• **WHAT YOU SHOULD DO**
From the entries below, transcribe exactly the lines between the line holding "Minecraft Pokemon Pixel" and the line holding "Hand drawn alarm", inclusive; skip all other lines.

• **SUPPLIED INFORMATION**

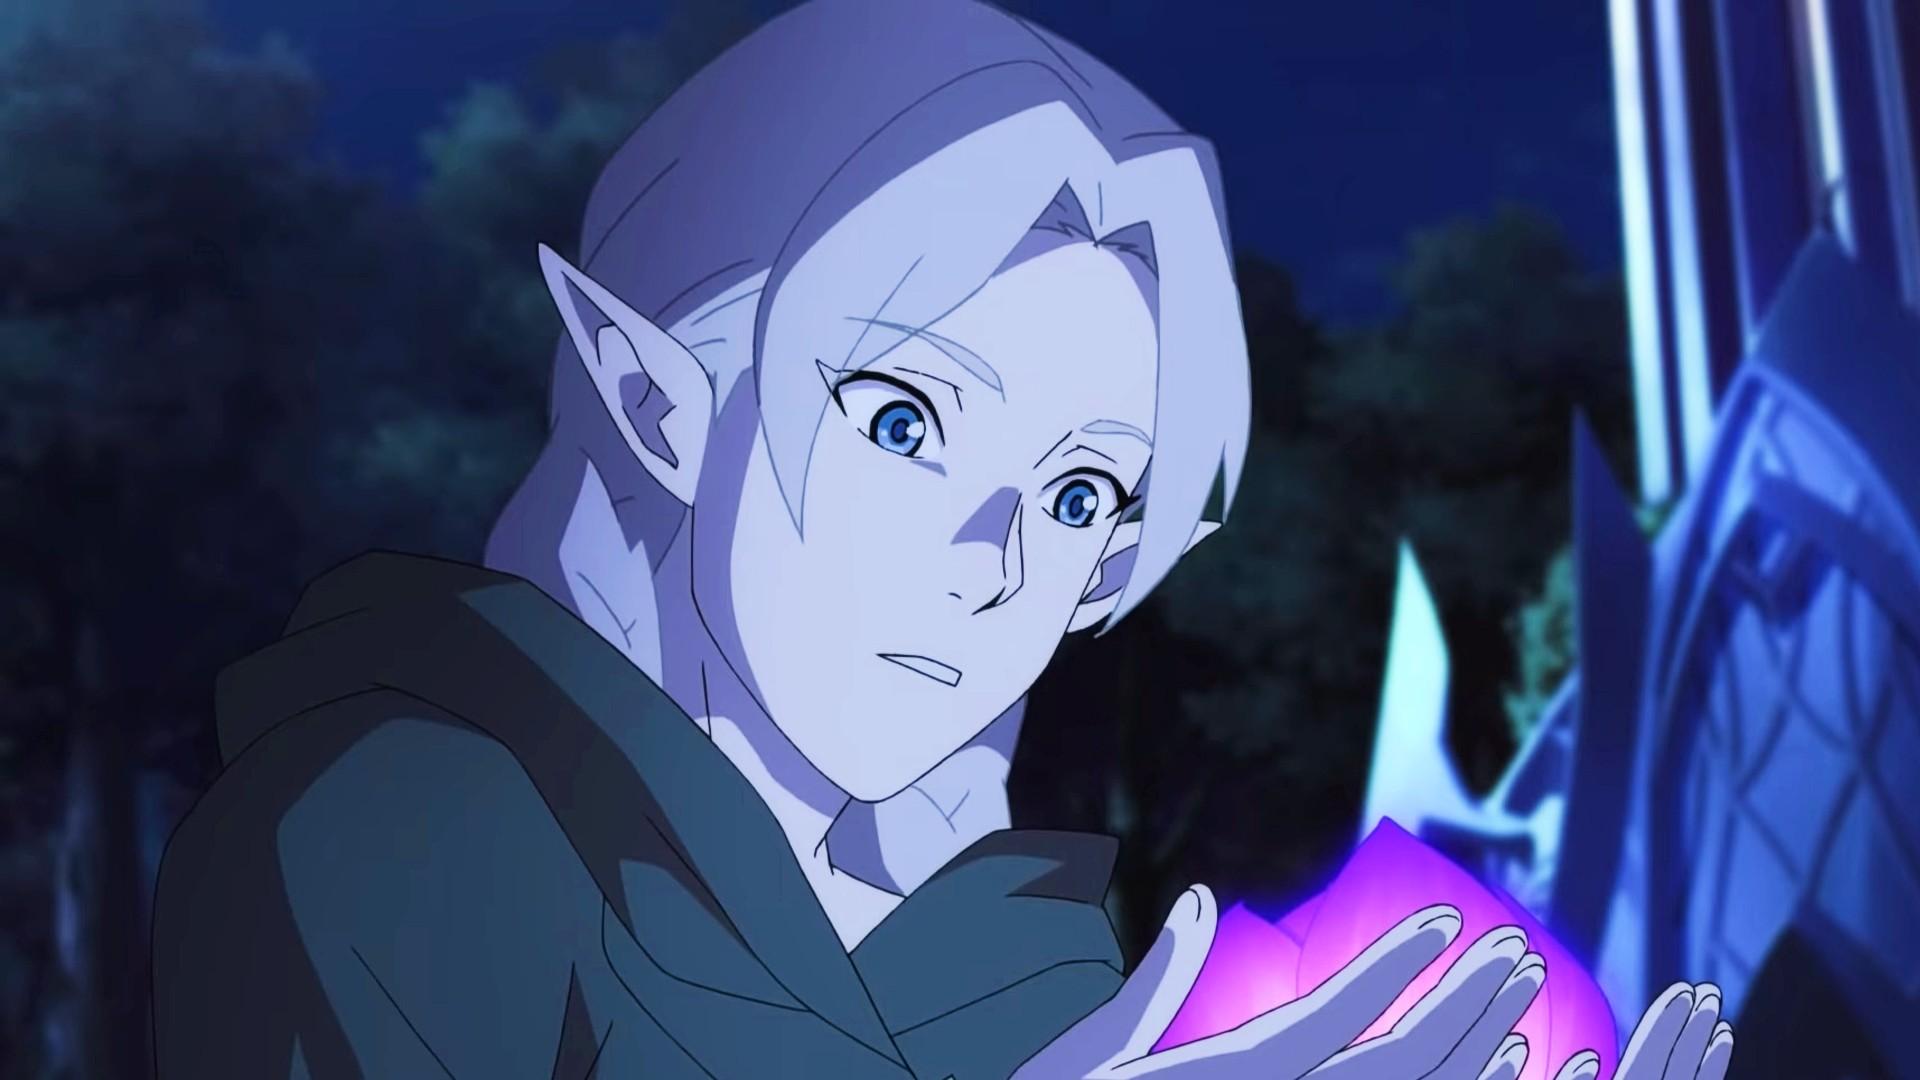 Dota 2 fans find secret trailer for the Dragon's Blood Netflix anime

--

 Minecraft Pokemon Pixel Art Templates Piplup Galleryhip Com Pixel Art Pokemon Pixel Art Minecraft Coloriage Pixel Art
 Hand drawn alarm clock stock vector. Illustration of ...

...

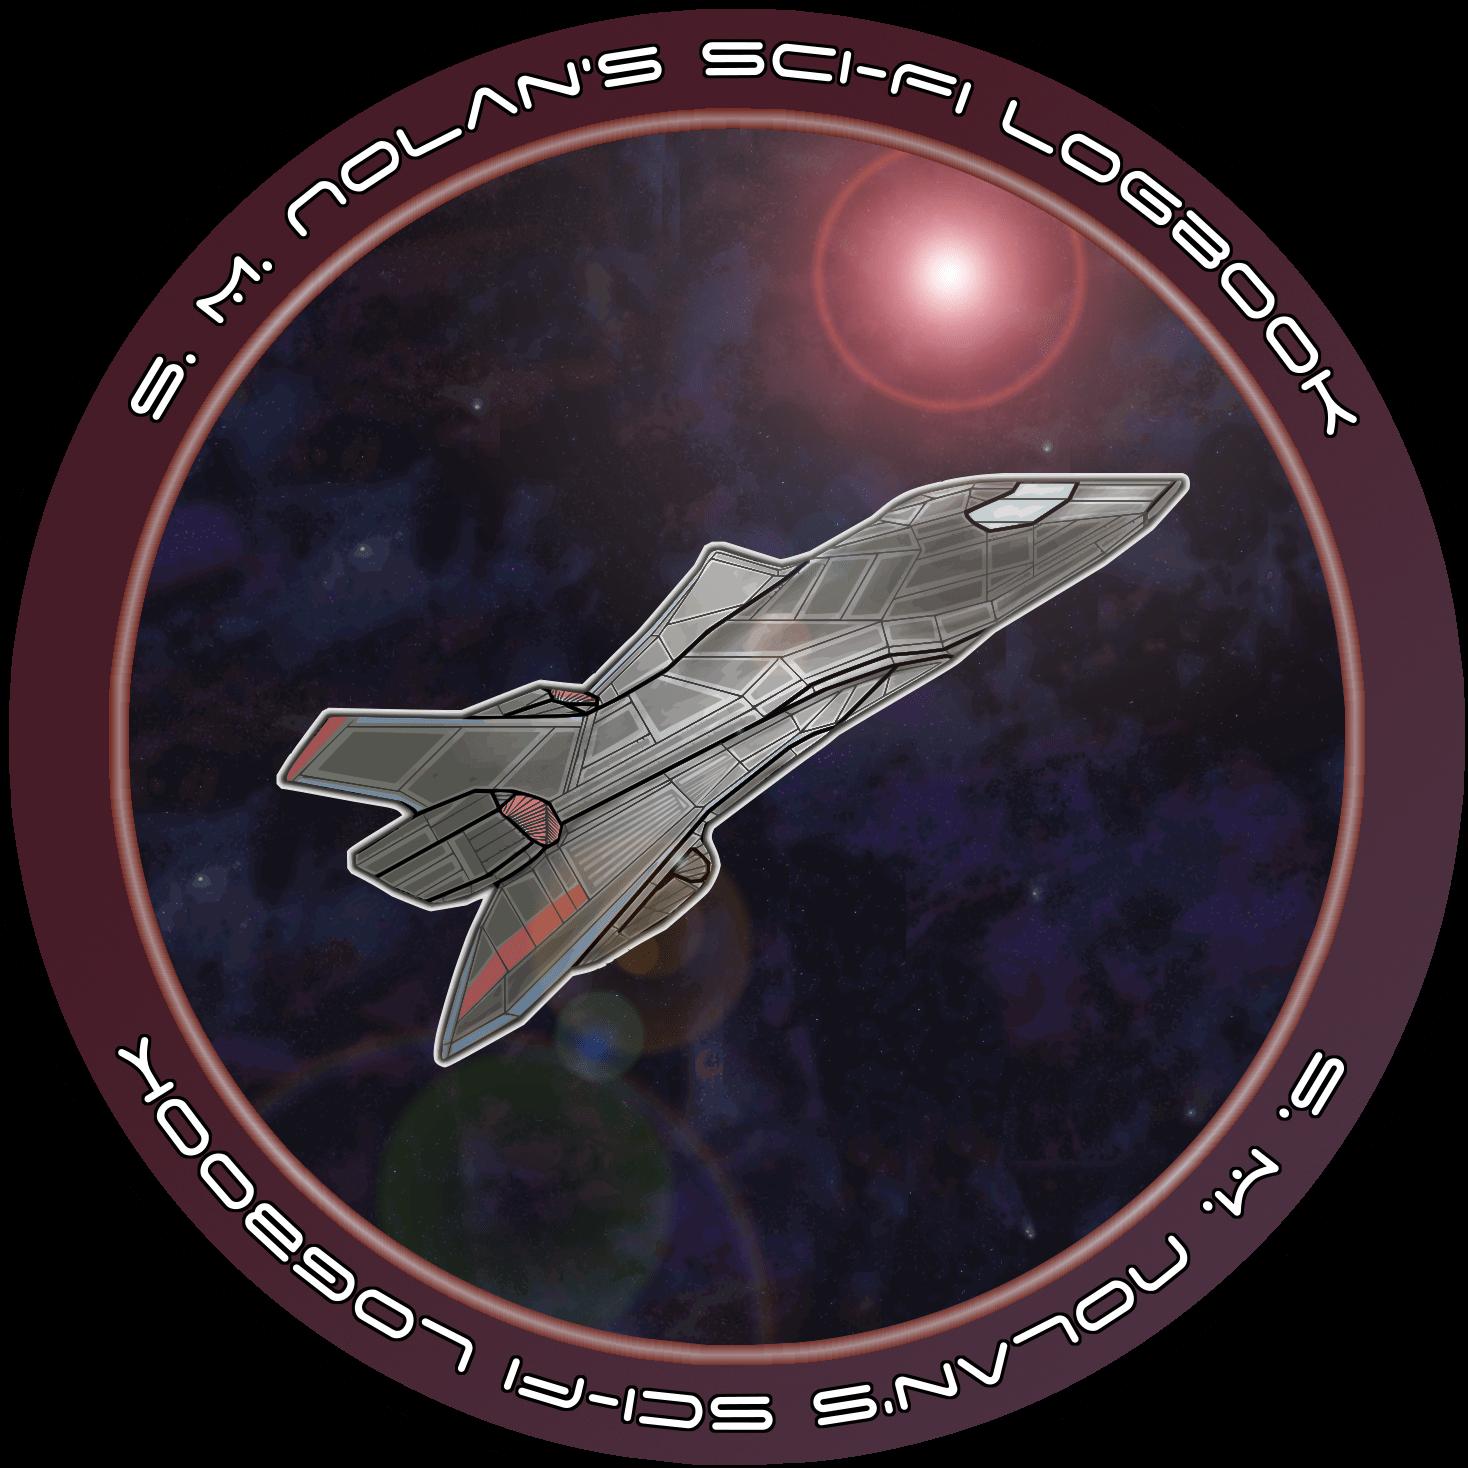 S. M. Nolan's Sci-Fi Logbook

• **RESPONSE TO THE TASK**
 Minecraft Pokemon Pixel Art Templates Piplup Galleryhip Com Pixel Art Pokemon Pixel Art Minecraft Coloriage Pixel Art
 Hand drawn alarm clock stock vector. Illustration of ...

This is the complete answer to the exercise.